When Claude and DeepSeek dialogue within the same context window, the tokens of both models carry different cultural-cognitive presets. English token causal chains are linear (A→B→C→conclusion); Chinese token causal chains are network-like (A↔B↔C→holistic judgment). The two types of causal chains compete for weight in attention computation — the result is not synthesis but interference, producing an unpredictable complex field. From the perspective of the LEECHO “Signal and Noise” framework (V4, Chapter 16), cultural attribute injection is also a “constant entropy” phenomenon — the model’s cultural-cognitive paradigm is permanently sealed within the parameter space after training is complete, and language switching during inference cannot alter this frozen state, just as there is no arrow of time within the model, and cultural attributes have no possibility of “evolving.”

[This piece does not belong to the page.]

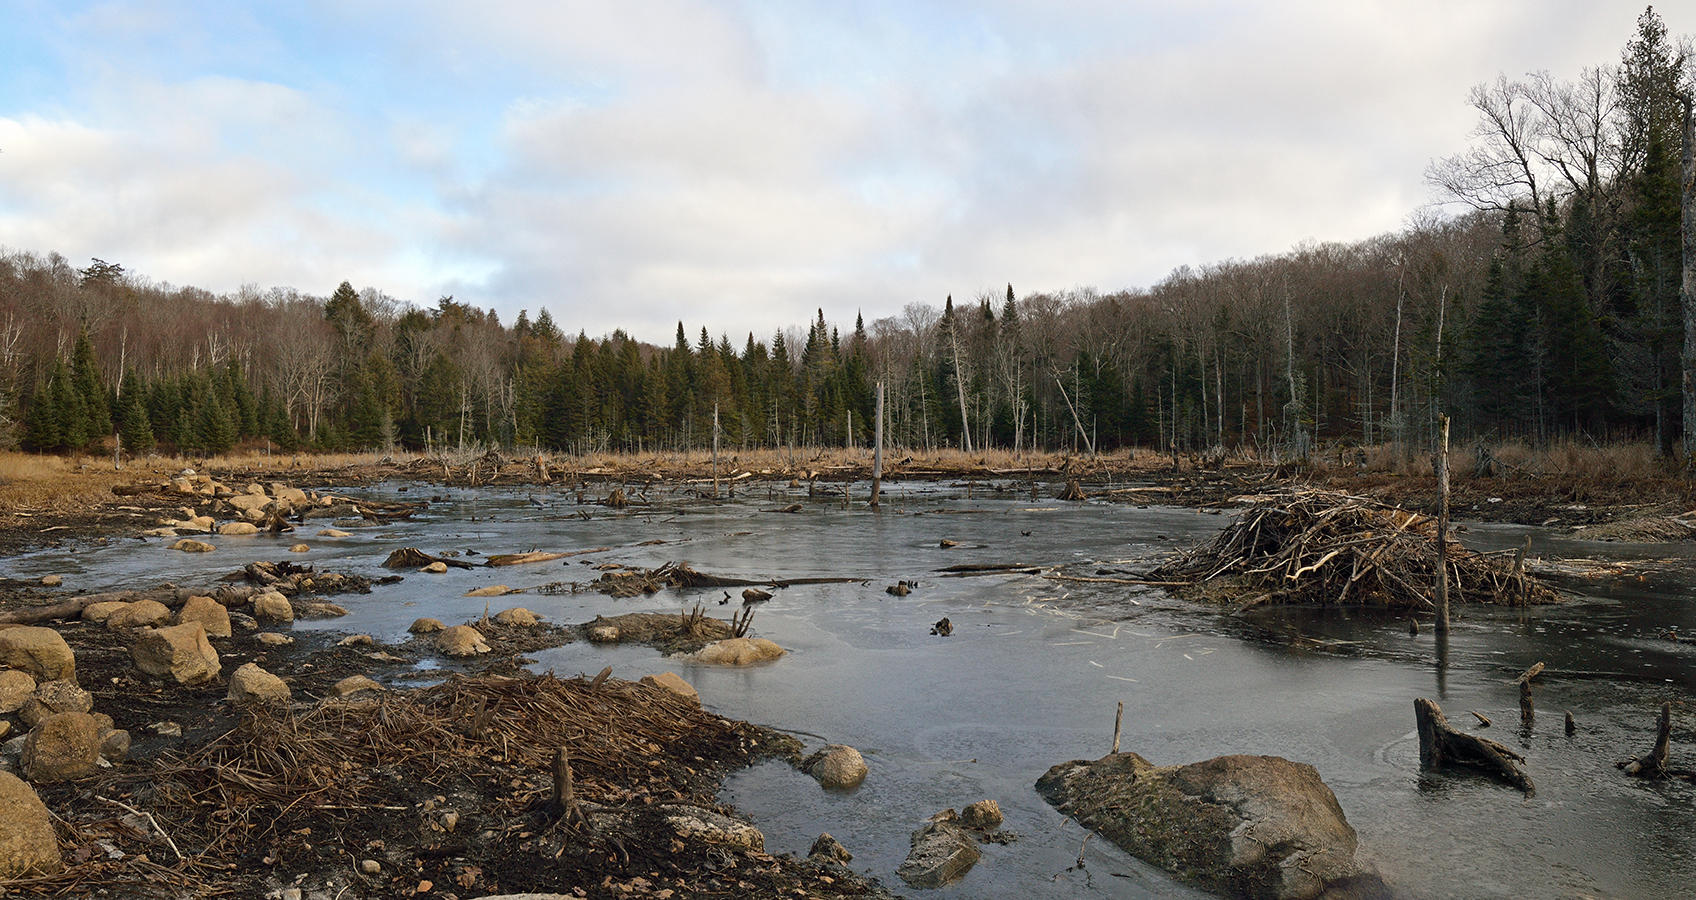 Whats left of the beaver pond after the dam burst

LEECHO Signal & Noise Framework Corollary

When two models with different dominant languages engage in dialogue, what competes is not merely viewpoints but underlying cognitive paradigms. The attention mechanism cannot distinguish between “conceptual disagreement” and “paradigm incompatibility.” One side’s “caution” is interpreted by the other’s training patterns as “evasion”; one side’s “directness” is interpreted by the other as “overconfidence.” This is not a reasoning error — it is RLHF-inscribed cultural defaults rubbing against each other.

05 · Empirical Cases

Cultural Attribute Manifestation in Dialogue Behavior

Same question, different cognitive operating system outputs

The following analysis is based on observable model behavior patterns, demonstrating how cultural attributes manifest in specific outputs:

Behavioral Dimension Claude (English Cultural Attributes) DeepSeek (Chinese Cultural Attributes)
Facing controversial topics First acknowledges multiple perspectives exist, then provides balanced analysis, frequent use of qualifiers More inclined to give a definitive judgment, supplemented with comprehensive background elaboration
Self-censorship intensity Very high — frequent self-correction, proactively flags uncertainty Moderate — more focused on complete answers than self-limitation
Error handling “I need to correct my earlier statement” — explicit acknowledgment More inclined toward implicit correction in subsequent responses
Request refusal style Explicit refusal + detailed explanation + alternative suggestions Tactful deflection + partial fulfillment + implied limitations
Emotional expression Restrained, professional, maintaining distance More permissive of warmth and empathetic expression
Inertia in deep conversation Tends to narrow toward precise propositions Tends to expand toward related domains
Key Observation

These differences are not a question of “which is better” but a manifestation of “different cognitive operating systems producing different default behaviors.” Claude’s self-censorship intensity comes from the English academic tradition’s obsession with falsifiability; DeepSeek’s comprehensiveness orientation comes from the Chinese tradition’s emphasis on holistic grasp. Both are legitimate expressions of their respective cultural genes. Note: The above comparison is based on qualitative observation of dialogue behavior and awaits quantitative experimental verification.

Counter-Argument Review ③ · Cognitive Difference ≠ Cognitive Superiority

Counterargument: Does defining Claude as “English cognition” and DeepSeek as “Chinese cognition” imply a value judgment? Is analytic “superior to” holistic? Response: This paper explicitly states that this is a cognitive architecture difference, not a superiority-inferiority difference. Nisbett (2003) has already shown that analytic thinking has advantages in scientific problems requiring variable isolation, while holistic thinking has advantages in complex systems and relational problems — each has its domain of applicability. DeepSeek R1’s outstanding performance on mathematical reasoning tasks demonstrates the effectiveness of the Chinese cognitive pathway in specific domains. This paper’s purpose is to reveal the existence of the difference and its mechanisms, not to establish a ranking.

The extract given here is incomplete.